In Trey Garrison’s piece in HousingWire on April 13, “HSBC, Assurant offer $1.8M to end force placed kickback lawsuit,” he notes that, “Force-placed, or lender-placed, insurance… pulls big players such as Bank of America into big fights. Force-placed policies are typically taken out by banks or other lenders on homes where the [borrower] does not have sufficient or any coverage.”

In fact, most major mortgage lenders are, or have been, involved in this practice over the years.

On the surface of it, most any reasonable person would understand that a mortgage lender has the right to protect its asset if the borrower is not adequately covered by homeowner’s or flood insurance policies.
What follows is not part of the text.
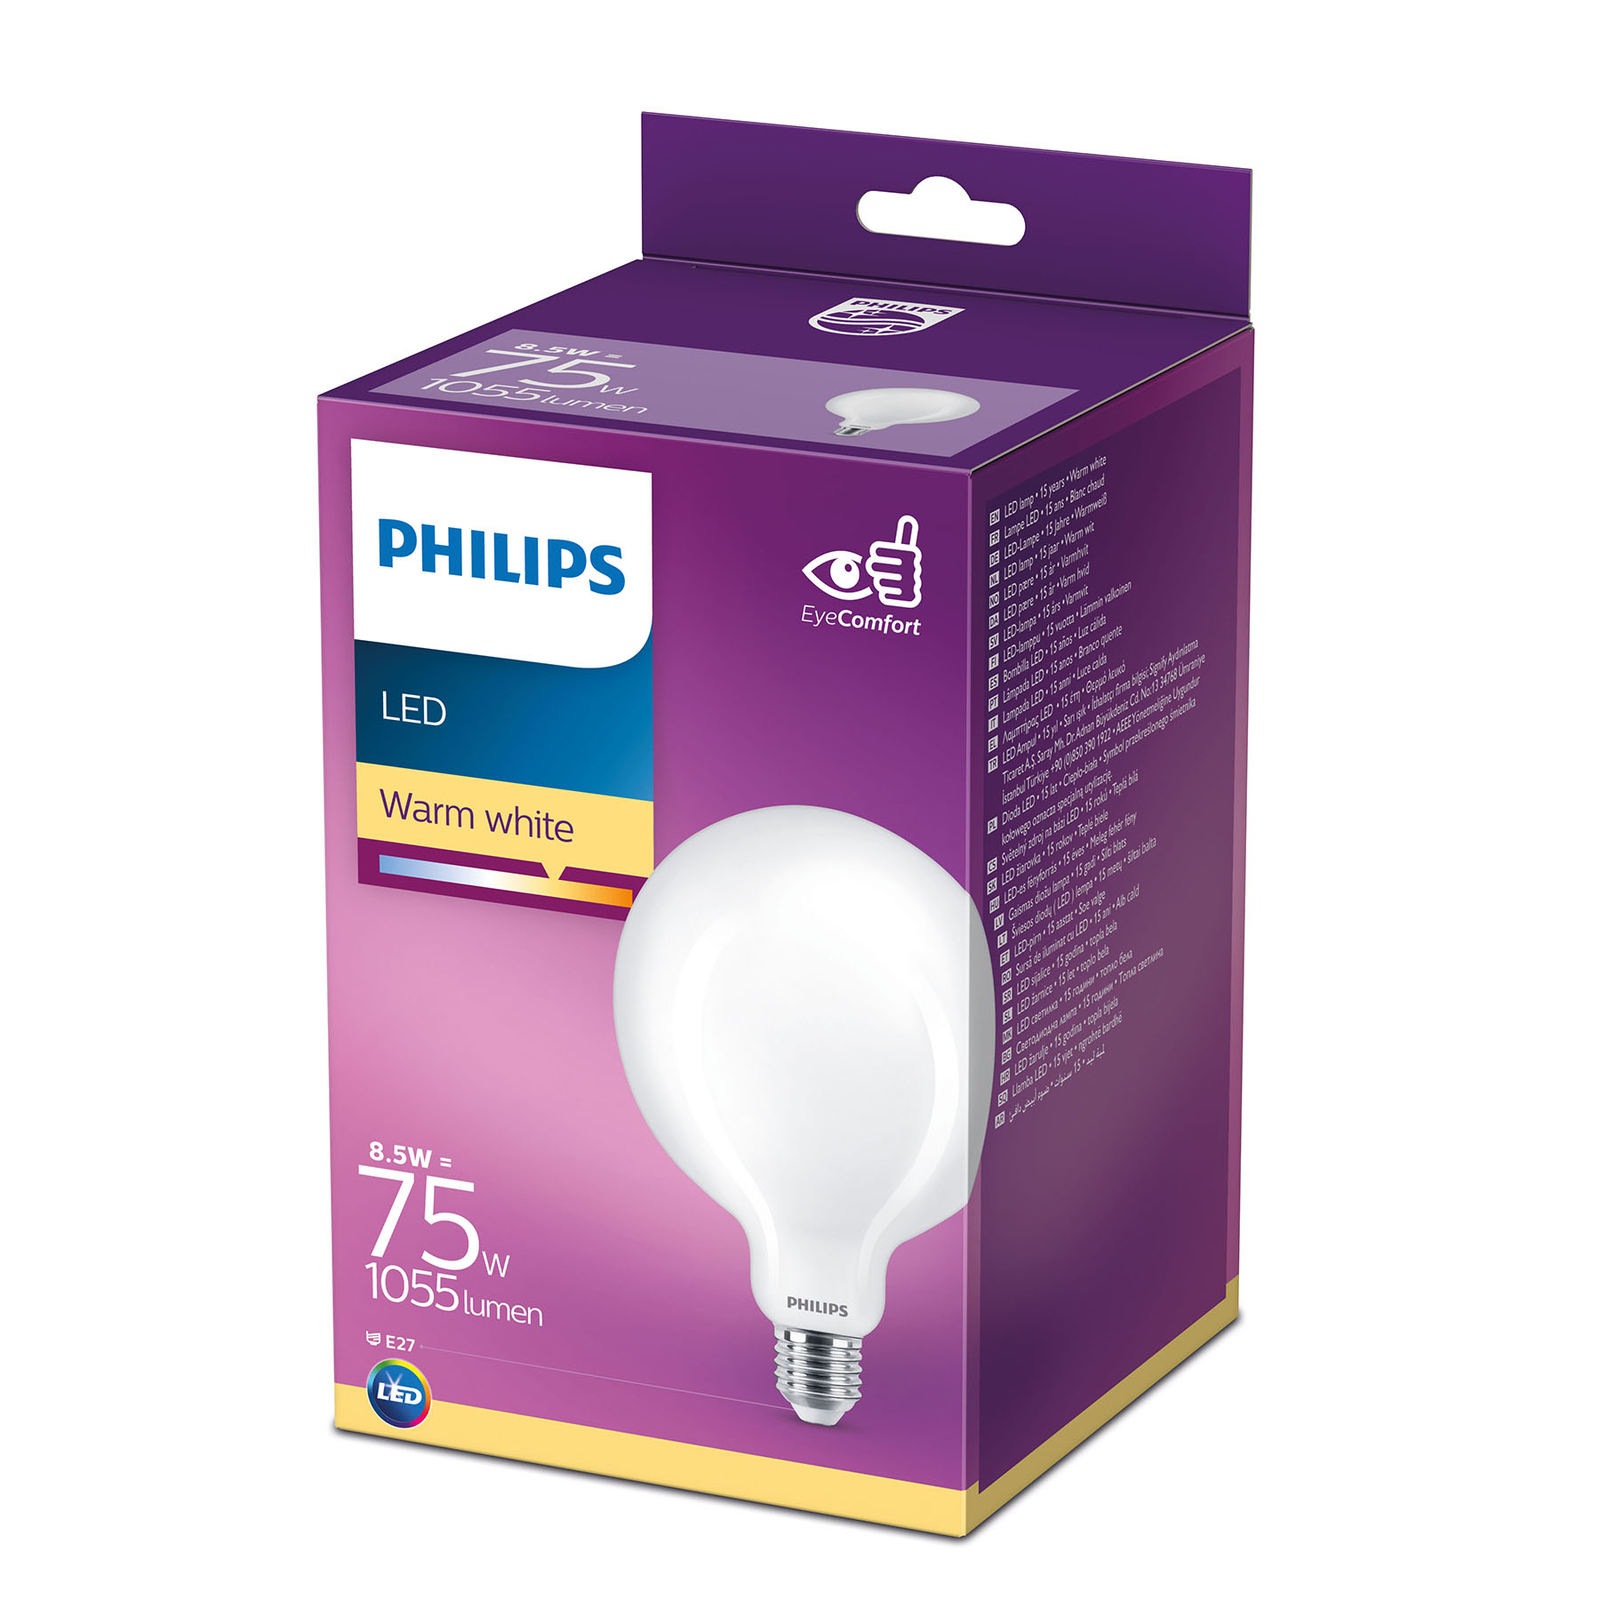 Philips Classic LED globe bulb E27 G120 8.5W matt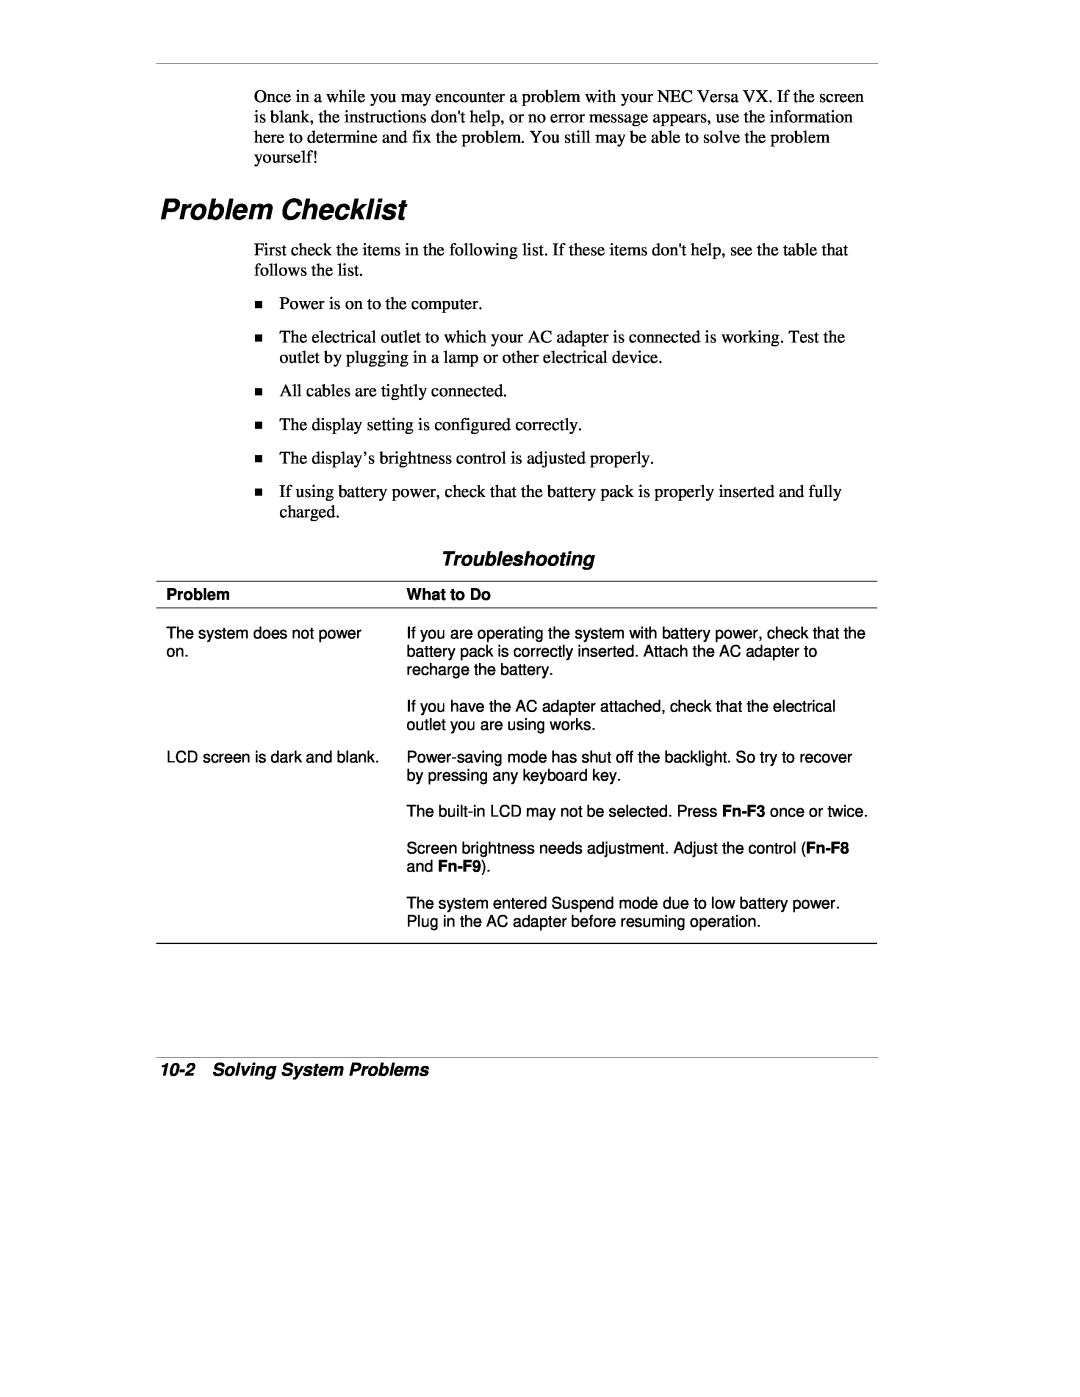 NEC VX manual Problem Checklist, Troubleshooting, Solving System Problems

The controversy comes in when the lender purchases lender-placed (force-placed) insurance to do just that, protect their asset, but the cost, as alleged in the lawsuit mentioned in Garrison’s article involving HSBC and Assurant, Inc., is “unnecessary and onerous.”

This is precisely because it is perceived by many that the often accompanying “commission” or “revenue sharing” that is paid by the insurance carrier to the lender purchasing the insurance policy is a “kickback.”

To many in and out of our industry, the term “kickback” seems quite appropriate. It was a mostly unspoken term in the 1990s when I first learned of it while serving in the REO department at Great Western Bank, and it is much the same today.

Frankly, I have little understood why this practice has been allowed to continue over the past two decades, let alone following implementation of Dodd-Frank, and the creation of the Consumer Financial Protection Bureau.

If it looks like a duck, walks and swims like a duck, and quacks like a duck… it’s a DUCK — right?

While some may have a different perspective, say, those who offer these products, for example, it would be interesting to know just why they possess that different perspective.

According to Garrison, last year the CFPB published a five-point checklist for servicers on how to deal with force-placing insurance. This was long overdue, of course, but perhaps not enough to solve the ongoing problem.

“Steering” or “herding” consumers into more expensive insurance policies because the policies offered by specific firms might be superior to that which cost less would also seem reasonable, but, apparently, that is not necessarily the case with respect to the HSBC, Assurant lawsuit. That is why, according to Garrison, the agreement by these two companies to pay $1.8 million to put an end to a class action lawsuit would also mean that they would return about 90% of HSBC’s “commissions” to the customers/plaintiffs.

As Garrison further pointed out, the agreement, if approved, would put an end to the class action lawsuit that alleges that HSBC “… intentionally herded consumers to unnecessary and onerous coverage levels when force placing homeowners whose coverage lapsed into flood-insurance policies.”

While we realize that any such “agreement” does not necessarily constitute any admission of guilt by any party… I submit that this agreement at a minimum shines another light on a practice that should, perhaps, be discontinued once and for all.